July 3, 2008
Happy Fourth of July, everybody. For this Extended Weekend Edition of the Sunday Bookchat, we’re taking the words right out of the mouths of authors of new books that deserve the attention of lefty and progressive readers — and potential recovering wingers who have gotten tired of kindergarten claptrap from Jonah Goldberg and Glenn Beck and want to see what real books look like.
* * * * *
He makes a big deal out of saying, “You don’t even know what my political views are,” and you’ll hear some people say that he’s really a businessman, and I think there’s some truth to that. But, he might not have started out in the 1960s as a conservative ideologue, but the people he has worked with, and the people he has come into close contact with, he’s bought into it. He’s well ensconced in the conservative movement and, in my opinion, a leader of the conservative movement. I think that he’s more conservative than some people might be willing to admit and certainly more conservative than he’s willing to admit.
* * * * *
Ernest Freeberg, author of Democracy’s Prisoner: Eugene V. Debs, the Great War, and the Right to Dissent:
The press defended its own right to operate without censorship, but most editors were also eager to demonstrate their enthusiasm for the war [World War I] and their loyalty to the government. They did this in part by bashing the radicals. It seems odd that these editors were so jealous of their own First Amendment rights, and so cavalier about the speech rights of others. But they held the common view that constitutional rights only belong to those who use them responsibly. In their view, the radicals wanted the right to say things that might, in the end, lose the war and even tip the country into a revolution that would overturn the Constitution.

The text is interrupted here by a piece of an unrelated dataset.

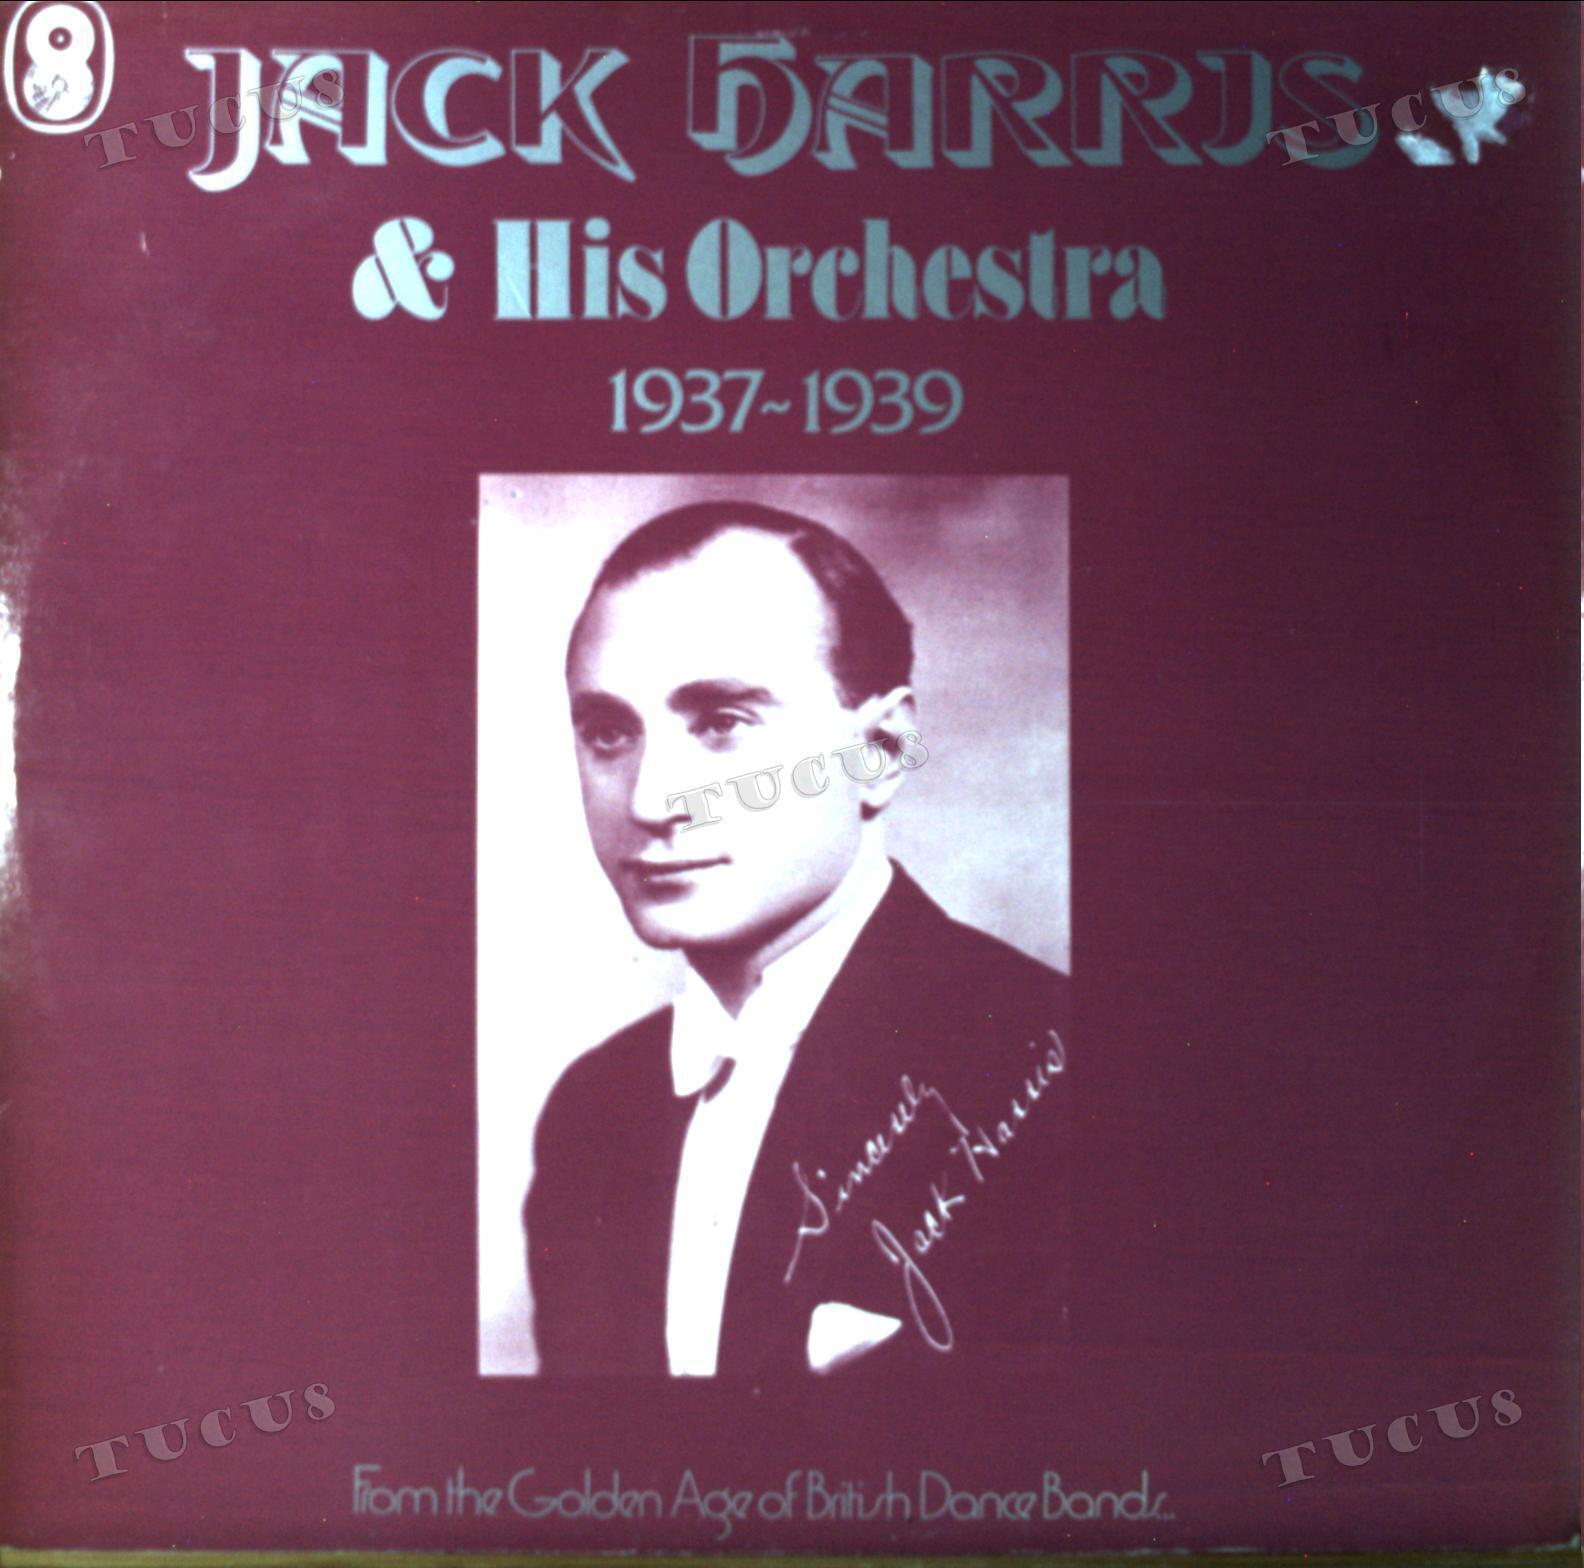 Jack Harris & His Orchestra - 1937-1939 LP (VG/VG) .*

And so they were happy to see Debs go to jail. The New York Times ridiculed Debs’s claim that he enjoyed a First Amendment right to speak his mind about the war, insisting that the government had a more important right to “defend itself against unbridled speech.” And the Washington Post called Debs a “a public menace” whose free speech claims were nothing more than “hairsplitting over the infringement of liberty.” My favorite, though, is the editor who called Debs a “treasonably-inclined blatherskite.”

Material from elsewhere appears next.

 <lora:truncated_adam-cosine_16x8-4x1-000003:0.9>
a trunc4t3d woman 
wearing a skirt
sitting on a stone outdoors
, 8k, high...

The radicals were not surprised by any of this. Long before the war broke out, they had argued that the mainstream press was owned by, and operated for, the master class. Their critique of the impact of media monopoly on democratic debate was prescient.
* * * * *
Paul Alexander, author Machiavelli’s Shadow: The Rise and Fall of Karl Rove:
When Rove headed with Bush to Washington after winning the presidency in 2000, Rove had one overriding goal, which he would state publicly over the coming years: to set up what Rove termed “a permanent Republican majority.” “When Karl got to the White House,” Texas-based Republican strategists Mark Sanders told me, “he immediately started putting together a plan for what was essentially the Third Reich of Republican majority in this country. That was absolutely his plan, a Republican majority domination not just of the U.S. House, the U.S. Senate, and the presidency, but also state legislatures across the country. This was not just a pie-in-the-sky dream that Karl had. He wanted to see the Republican Party rule for the next 30 to 40 years.”
To do this, Rove needed the South to remain solidly Republican, and of looming concern was Don Siegelman—a popular, effective governor in Alabama, and a Democrat. It is not surprising, then, that Rove targeted Siegelman as someone who needed to be defeated and then driven from the political scene so he would not be able to reappear in the future to pose a threat.

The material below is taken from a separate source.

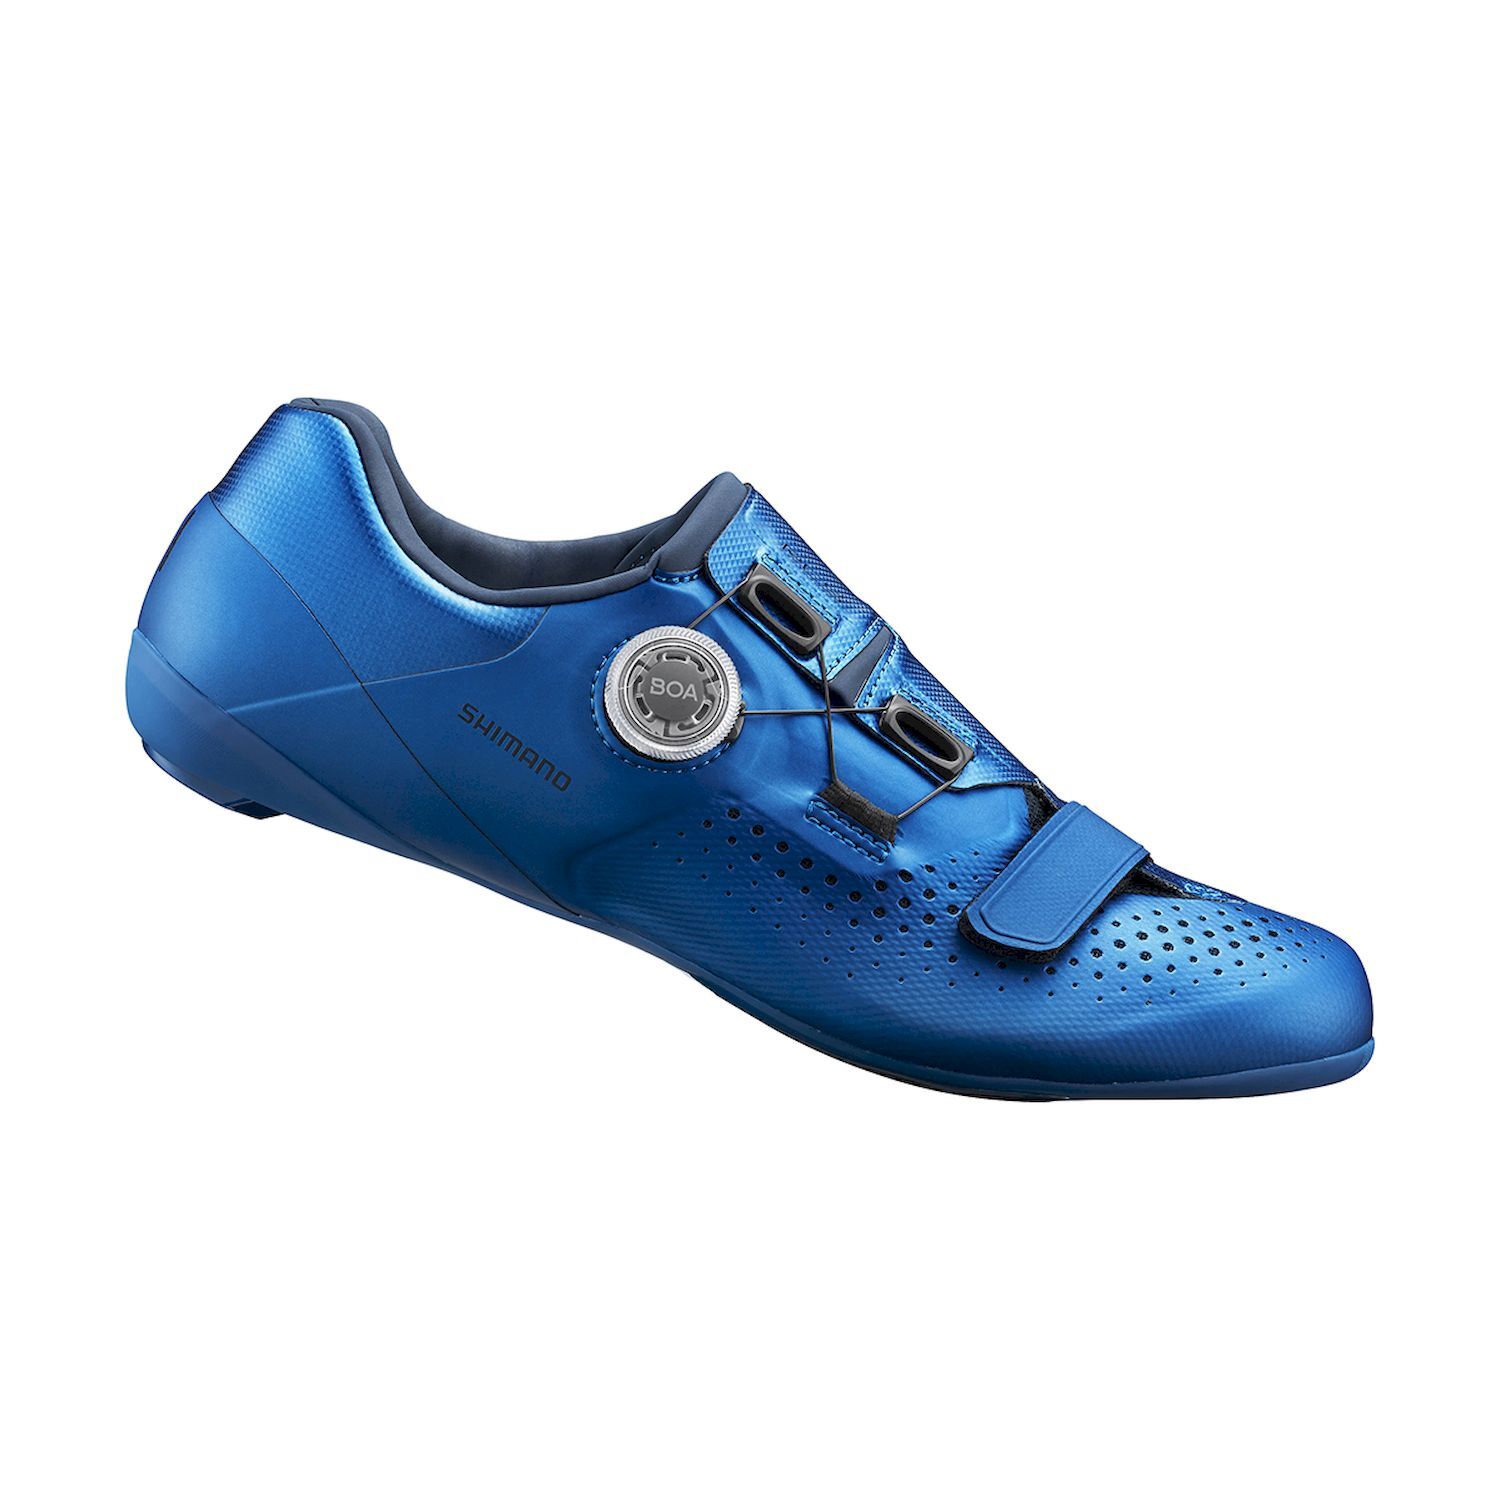 Shimano Route RC500 - Cycling shoes - Men's

“So all roads lead to Karl Rove, who wanted me out of the way,” Siegelman told me, “because I was a threat not only in Alabama but also on the national level. I was the first Democratic governor to endorse Al Gore. Heading toward 2004, I had spoken out at a Democratic Governors Association meeting against Bush’s policy in Iraq and his education and economic programs, and I was ready to take that message to key primary states.” To achieve this, Rove participated in a political prosecution of Siegelman that culminated with Siegelman going to prison which ended Siegleman’s political career—or so it appeared at the time.